One of the drawbacks of remote work is its effect on the prevalence of overworking. According to a survey conducted by the Los Angeles-based staffing firm Robert Half, nearly 70% of professionals who transitioned to remote work because of the pandemic say they now work on the weekends, and 45% say they regularly work more hours during the week than they did before. Moreover, as Corinne Purtill notes in her article, Companies Can’t Stop Overworking, “when offices reopen in earnest, few expect overwork to vanish.”

These results give employers reason for pause. Before companies assume that they can let overwork go unaddressed, they ought to think carefully about whether or not this is a desirable outcome and how they can avoid it if it’s not.


Overwork Is Bad For Employees and Employers

Studies are beginning to confirm what many have long suspected, namely that excess work is bad for employee health. A recent meta-analysis of 243 studies that examined the effects of long working hours on health found a positive correlation between extended hours and cardiovascular disease, hypertension, chronic fatigue, stress, anxiety, poor sleep quality, alcohol use, and smoking.

Some may think that while overwork is bad for employees, it’s not bad for business.
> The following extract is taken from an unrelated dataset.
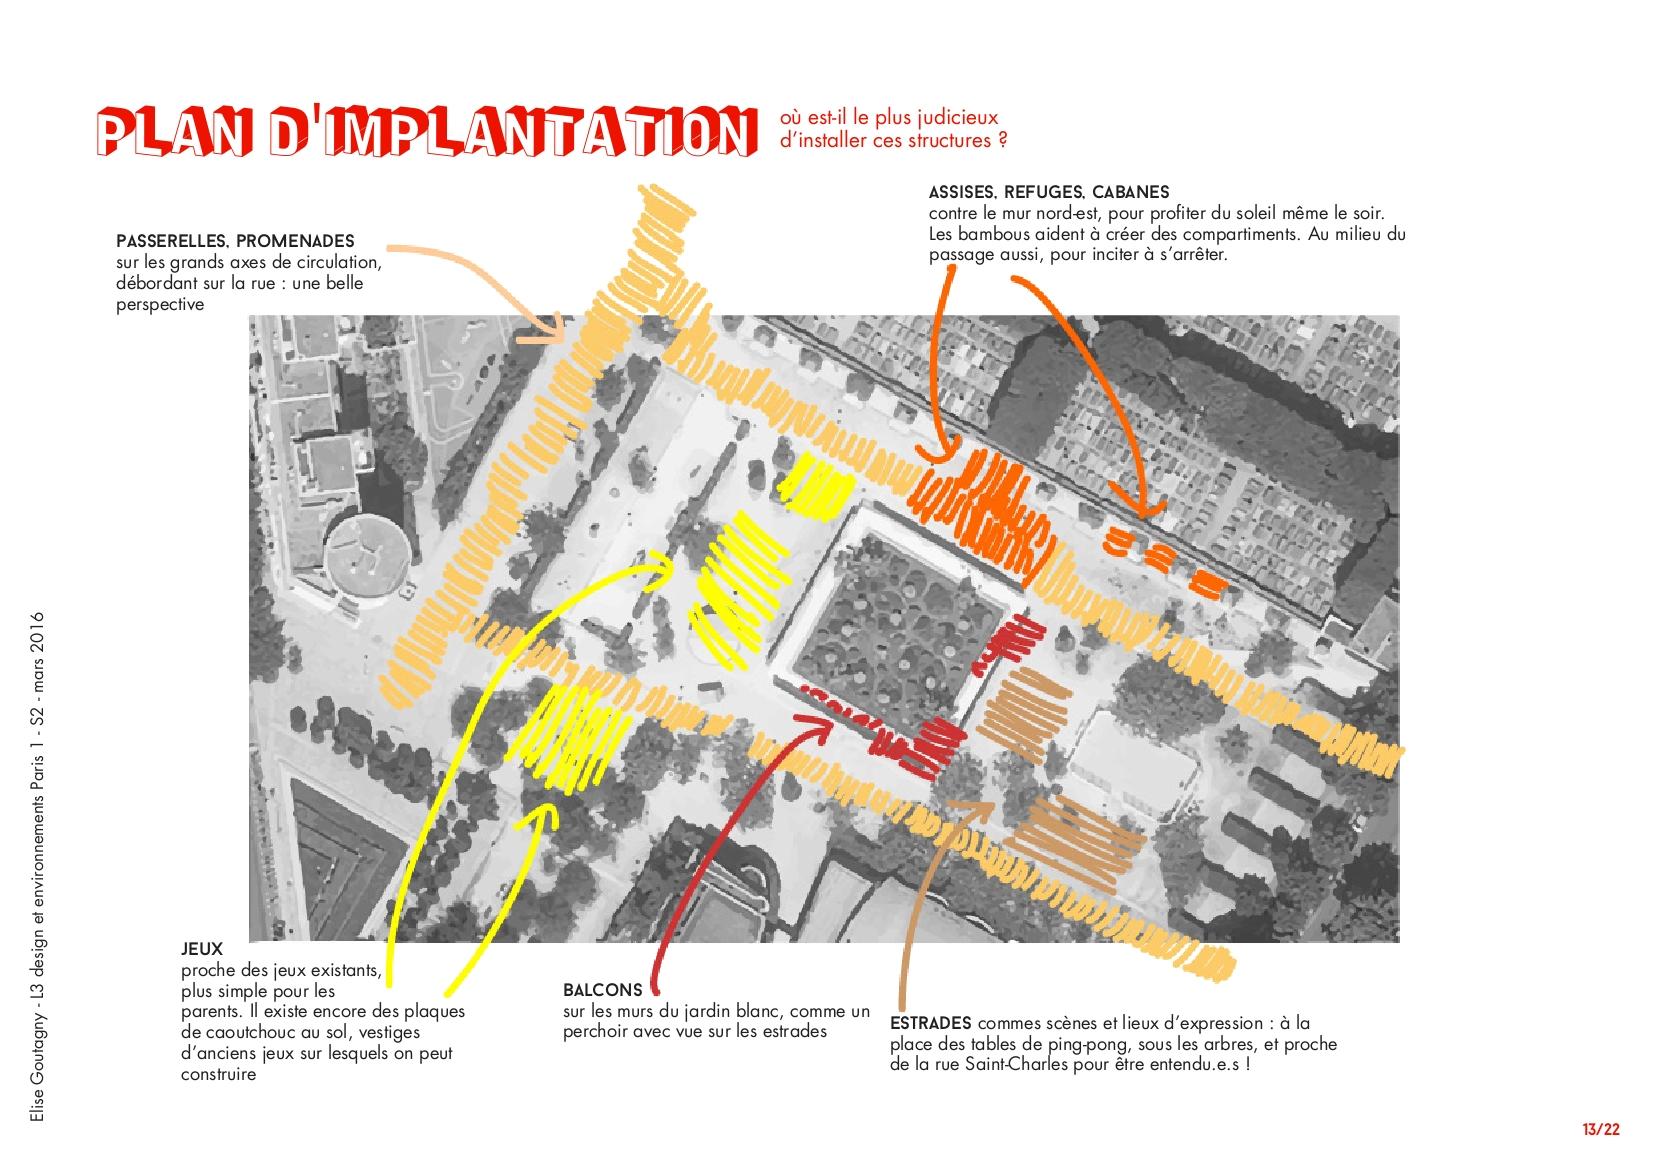 esplanade_egoutagny_compressed 5

After all, how could more working hours not lead to more work being done? This way of thinking is wrong-headed for a number of reasons. To start with, employees who experience negative health effects like cardiovascular disease and hypertension which come with increased mortality rates, likely won’t be working for as many years. On top of that, for the years that they are working, they may need to take time off to treat the illnesses they are suffering from. Lastly, because anxiety, depression, and sleep deprivation have all been linked to a number of cognitive impairments (e.g., impaired attention, working memory, long-term memory, decision-making ability, and cognitive flexibility), employees working extended hours may make more mistakes and get less work done overall than they would have had they simply worked fewer hours.


Why Many Overwork Anyway

Some companies have tried to discourage their employees from overworking. In many cases, their efforts have not been successful. This raises the question, if overworking is bad for one’s emotional and physical health, why would anyone continue working 70 plus hours per week when their bosses are telling them not to? In her interview with Purtill, Alexandra Michel, who has been following investment bankers for the past twenty years, offers some potential explanations.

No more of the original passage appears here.